Inheriting an interface p.1

  1. What actually the C# compiler does when I implement an interface.
  2. How to manage with sealed limitations.

When I implement an interface the C# compiler implicitly mark methods as virtual and sealed. In this case a derived class can’t override the methods. The C# compiler requires that methods are marked as public.  If I explicitly mark a method as virtual the C# compiler marks the method as virtual (leaves it unsealed).
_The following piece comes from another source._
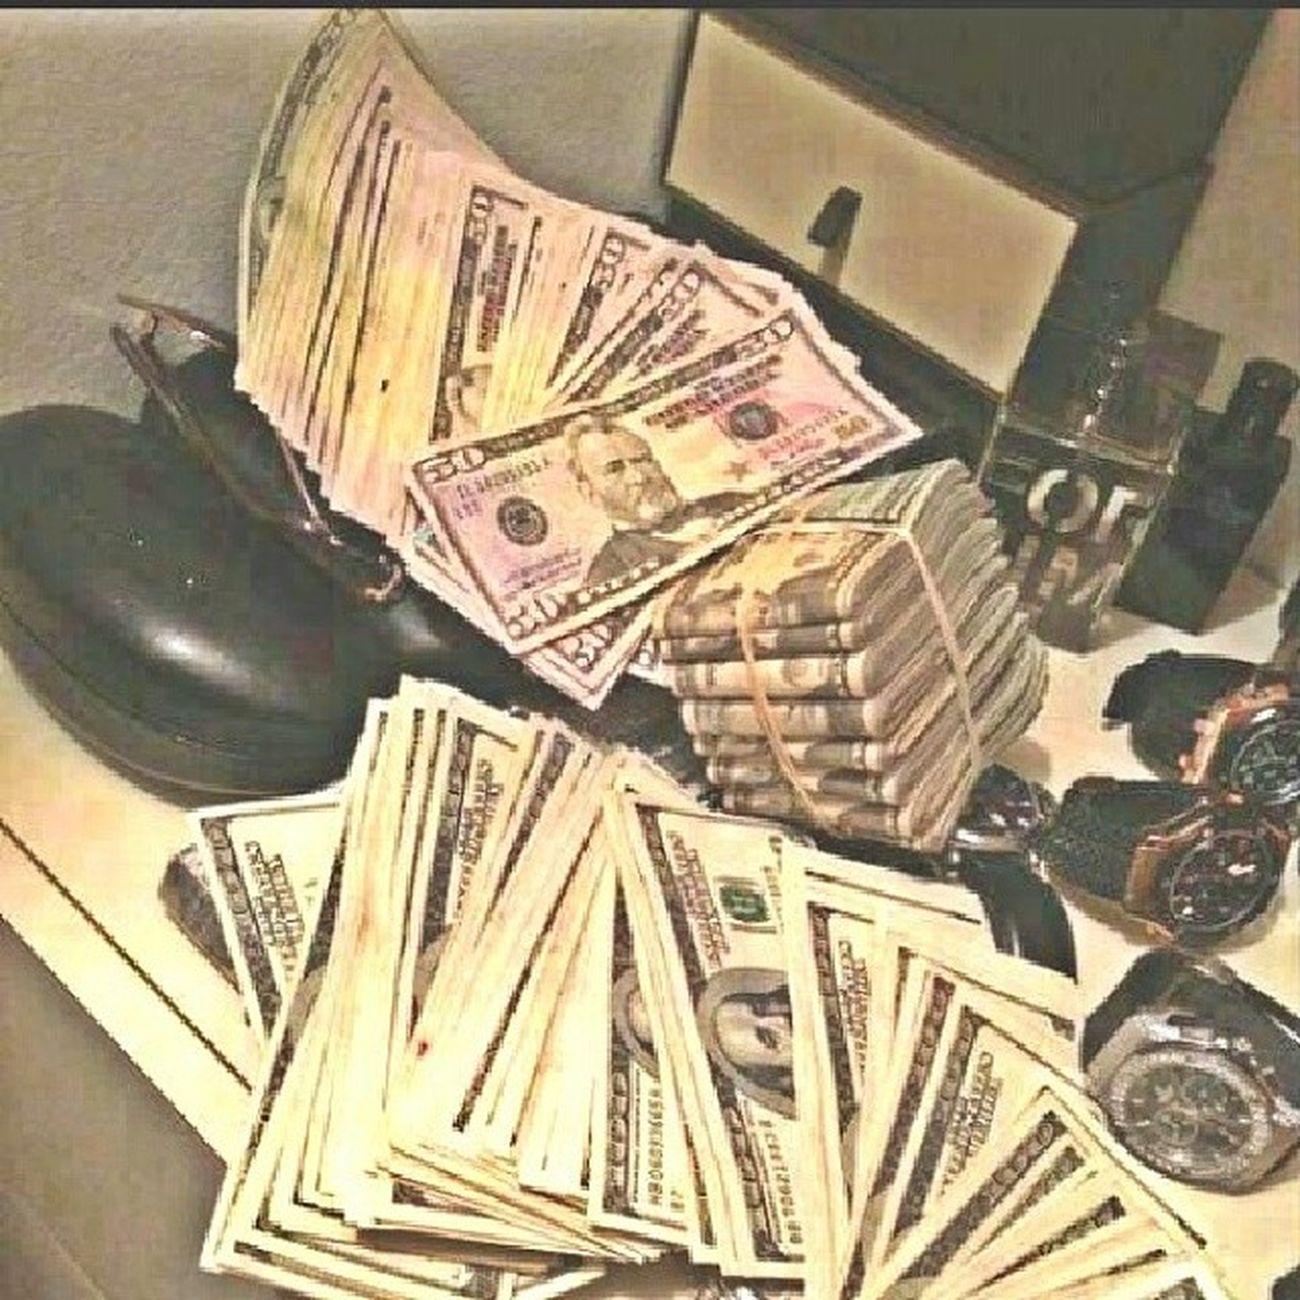 I ain't counting money no more if it ain't right, it ain't right, RickRozayVoice O✘O
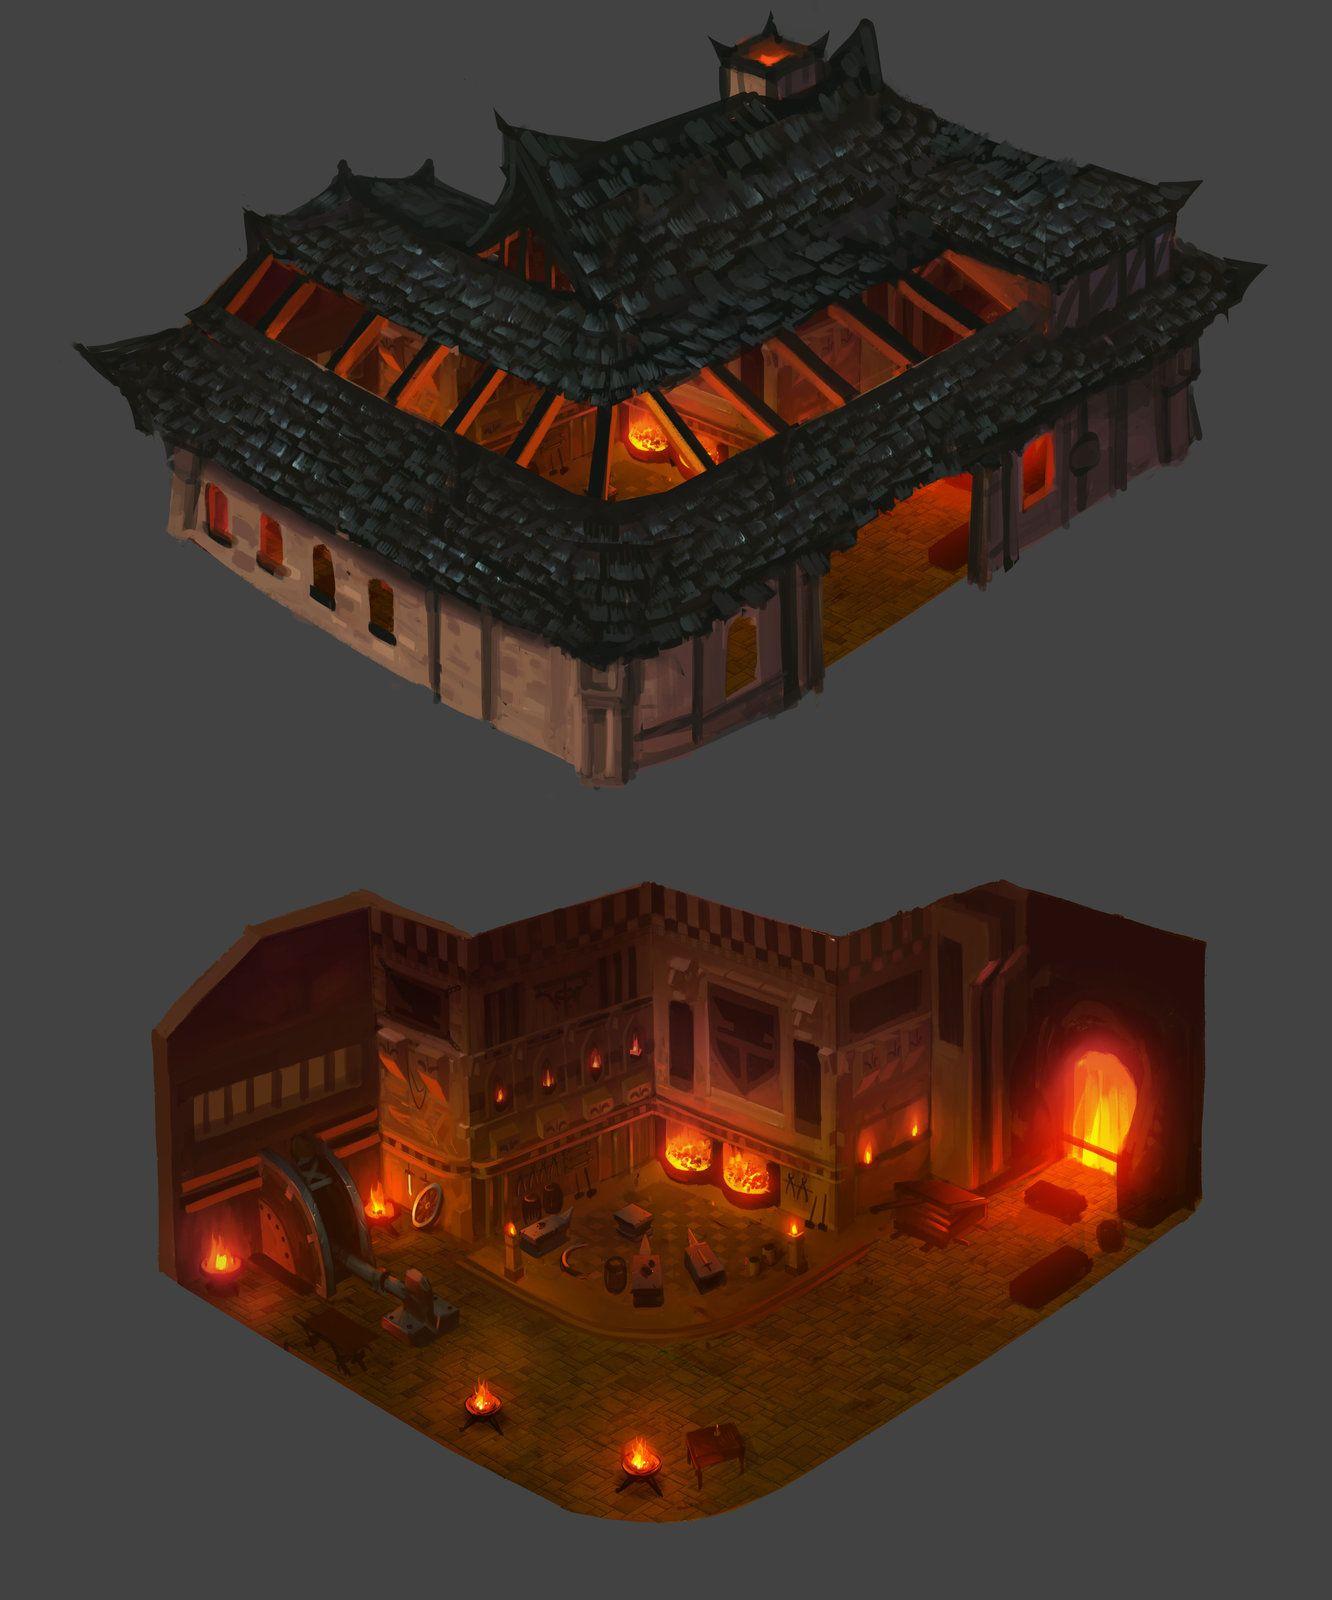 Forge design, David Ko on ArtStation at https://www.artstation.com/artwork/YG566

To manage with sealed limitations derived class can makes its own interface implementation. 

Example 1:

using System;

 

namespace Interfaces

{

    public delegate void MyEventHandler(int param);

 

    internal interface IBaseInterface

    {

        void Method();

        int Property { set; get; }

        int this[int index] { set; get; }

        event MyEventHandler MyEvent;

    }

 

    //All methods that implement an interface must be marked as public

    public class BaseInterfaceClass : IBaseInterface

    {       

        public void Method() { Console.WriteLine("Method of base interface"); }

 

        private int _propertyField = 0;

 

        public int Property

        {

            set { _propertyField = value; }

            get { return _propertyField; }

        }

 

        private int _indexerField = 0;

 

        public int this[int index]

        {

            set { _indexerField = index; }

            get { return _indexerField; }

        }

 

        public event MyEventHandler MyEvent;

    }

 

    class Program

    {

        static void Main(string[] args)

        {

            BaseInterfaceClass b = new BaseInterfaceClass();

            b.Method();

 

            DerivedInterfaceClass d = new DerivedInterfaceClass();

            d.Method();

 

            IBaseInterface bi = new BaseInterfaceClass();

            bi.Method();

 

            IBaseInterface di = new DerivedInterfaceClass();

            di.Method();

 

            Console.ReadKey();

        }

    }

 

 

Example 2:

 

    public class DerivedInterfaceClass : BaseInterfaceClass

    {

        public new void Method() { Console.WriteLine("Method of derived interface"); }

    }

 

 

    Output:

    Method of base interface

    Method of derived interface

    Method of base interface

    Method of base interface

 

 

 As we can see from the example 2 the di.Method()  calls the method of the base class, because the C# compiler implicitly makes it sealed.